# The Ginunting cutting thru thick bone like butter...



## Ron Kosakowski (Sep 23, 2010)

Hello folks, its been a while since I have been here. I see its not to busy anyway. I see some of you die hards are still here. 

Well, I did a few more cut videos with the Traditional Filipino Weapons Ginunting - 



 I was actually surprised when I saw how thick the bone was. :erg: I had no idea it ws so thick. I hid my expression here but said to myself, WOW! One can only imagine battles done with swords in ancient times. TV does make it look so romantic. This video is pretty but not romantic. :asian:


----------



## Blindside (Sep 23, 2010)

Hi Ron,

Did you recently redesign that ginunting?  One of my students recently got one of yours and the false edge is much shorter than the one I bought from you over a year ago.  

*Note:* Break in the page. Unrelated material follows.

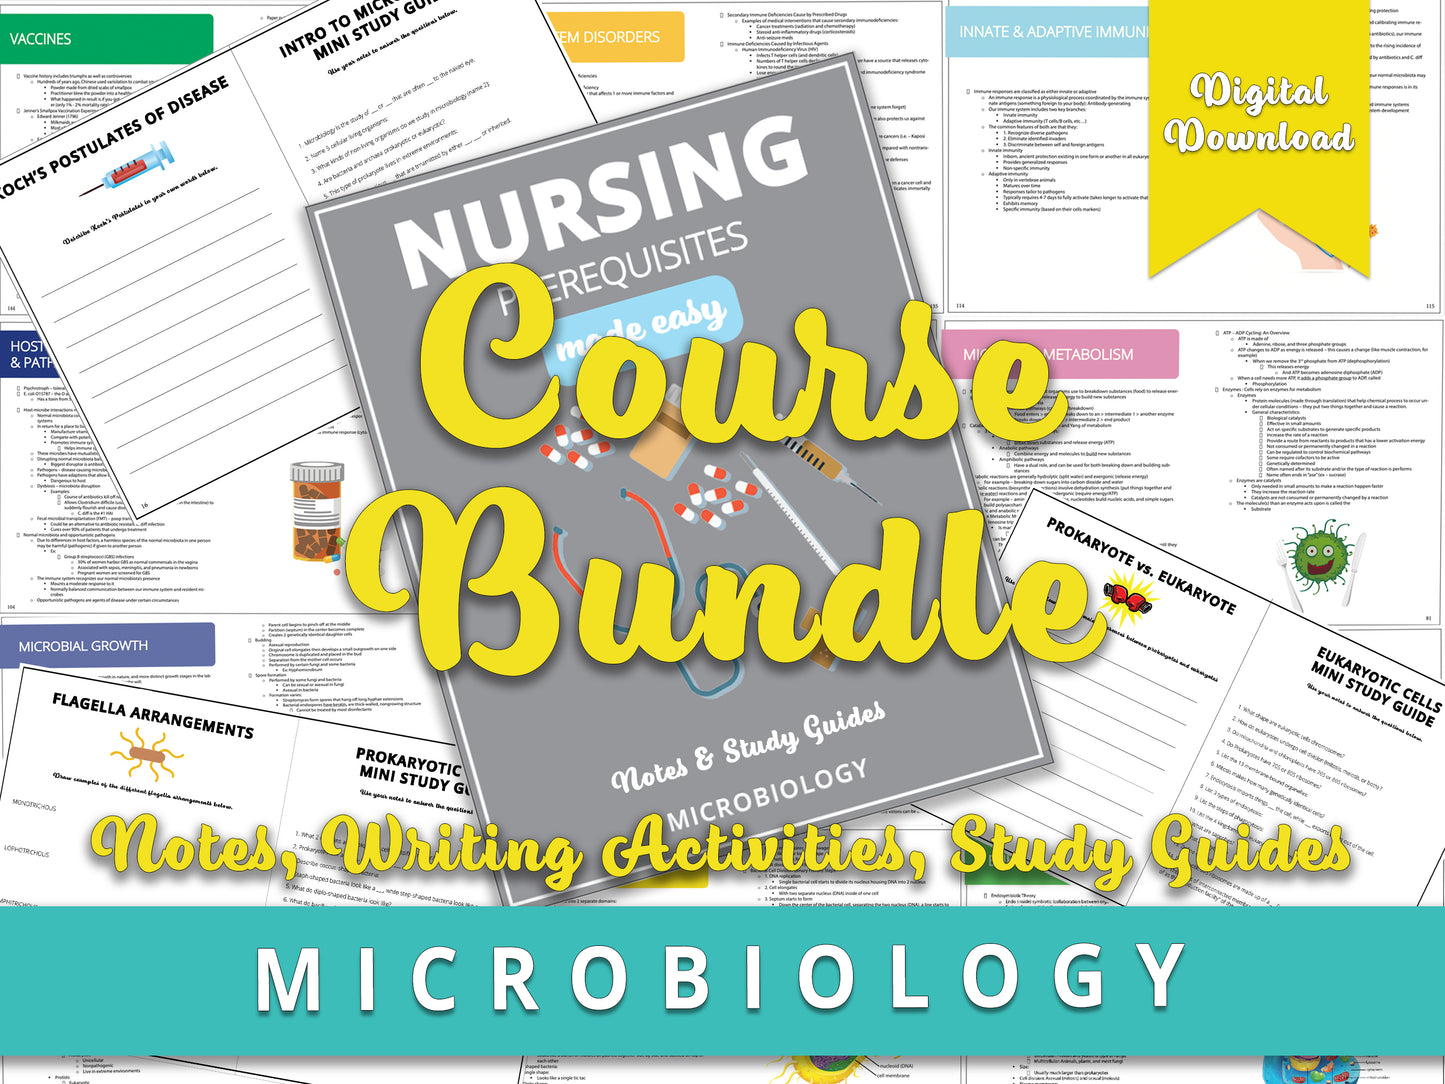 Microbiology notes, microbiology study guide, microbiology bundle for college students 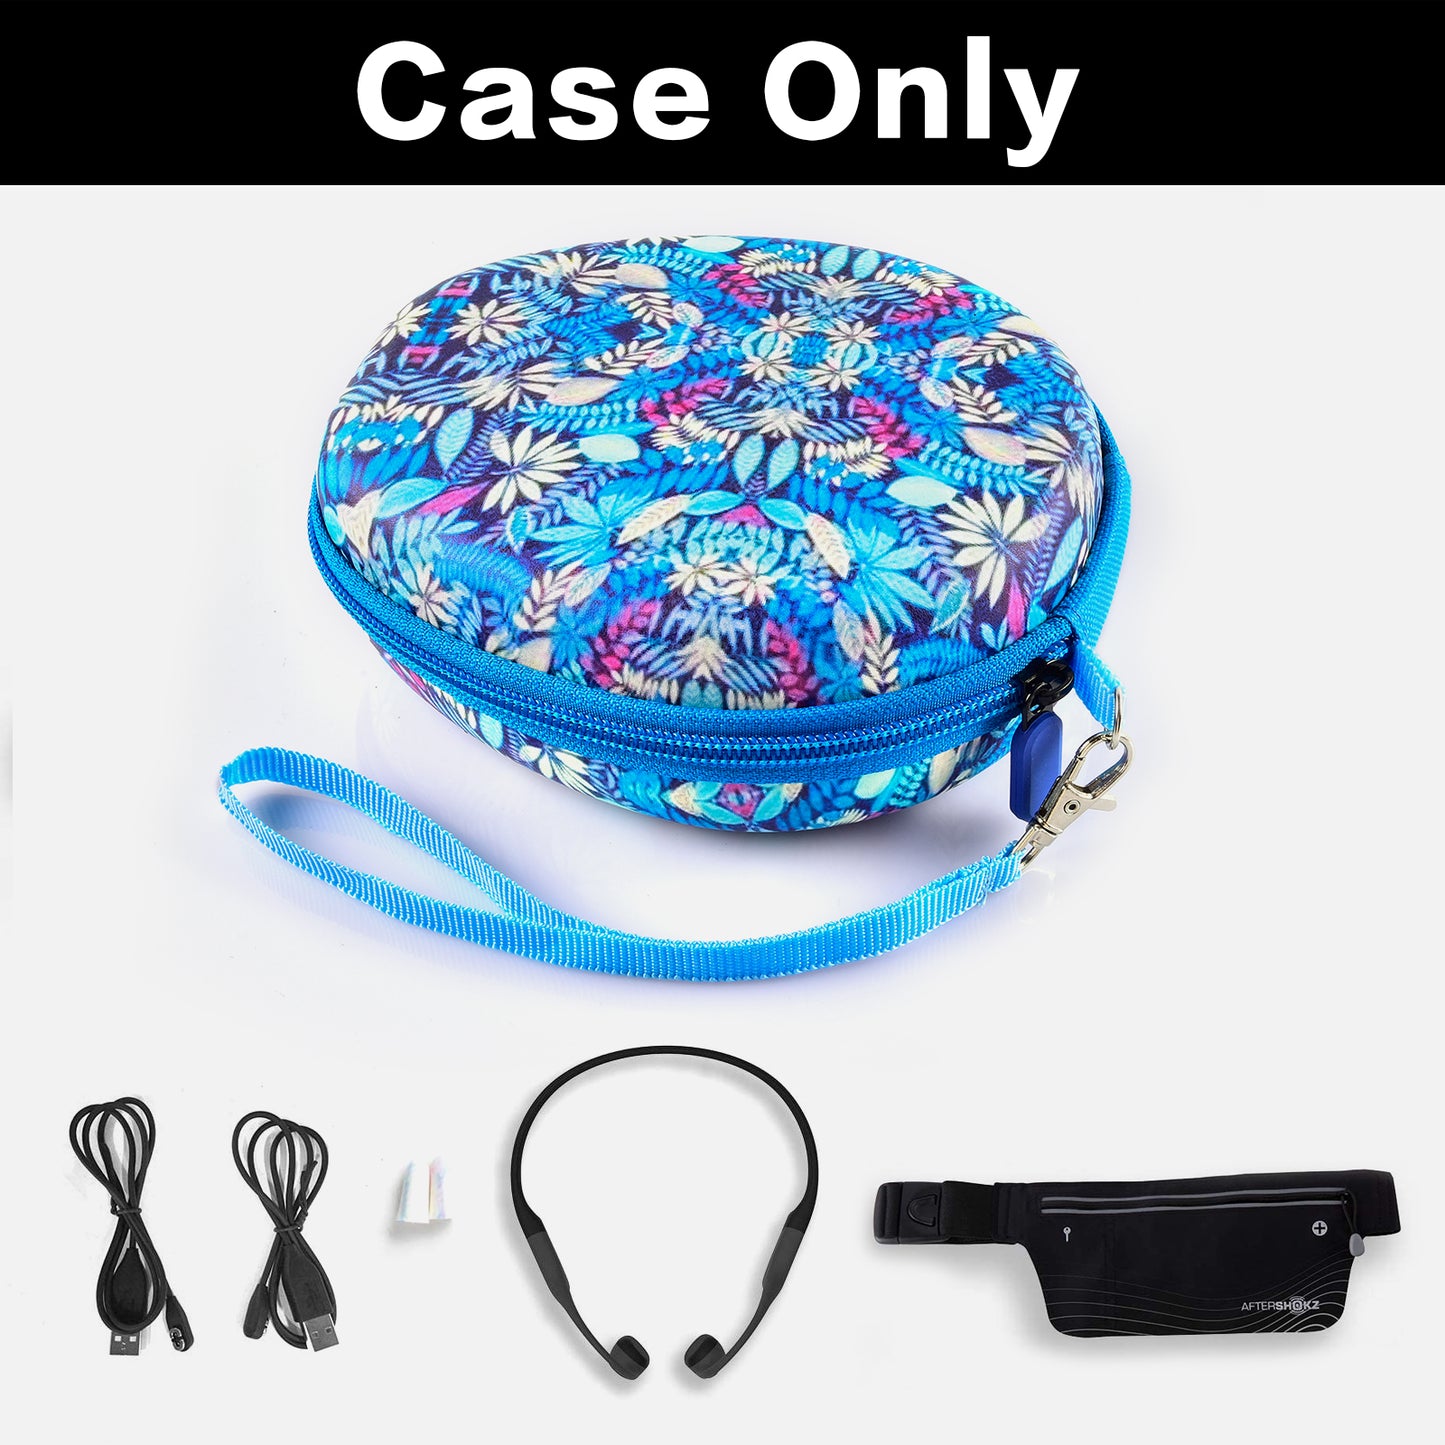 Case Compatible with AfterShokz Aeropex/ for Trekz Air/ for Titanium Mini Open Ear Wireless Bone Conduction Headphones AS650 / AS800, Storage Holder Fits for Earplugs, Cables and Accessories(Box Only)

What drove those changes in design?


----------



## Ron Kosakowski (Sep 23, 2010)

Grand Tuhon Leo Gaje and Tim Wade asked me to change it so it can  be used without harm in geetting cut in the PTK system. In other words, more of the back edge can can be used with the other hand for various in-fighting tactics. I actually like it better myself.


----------



## Blindside (Sep 23, 2010)

Thanks for the info.


----------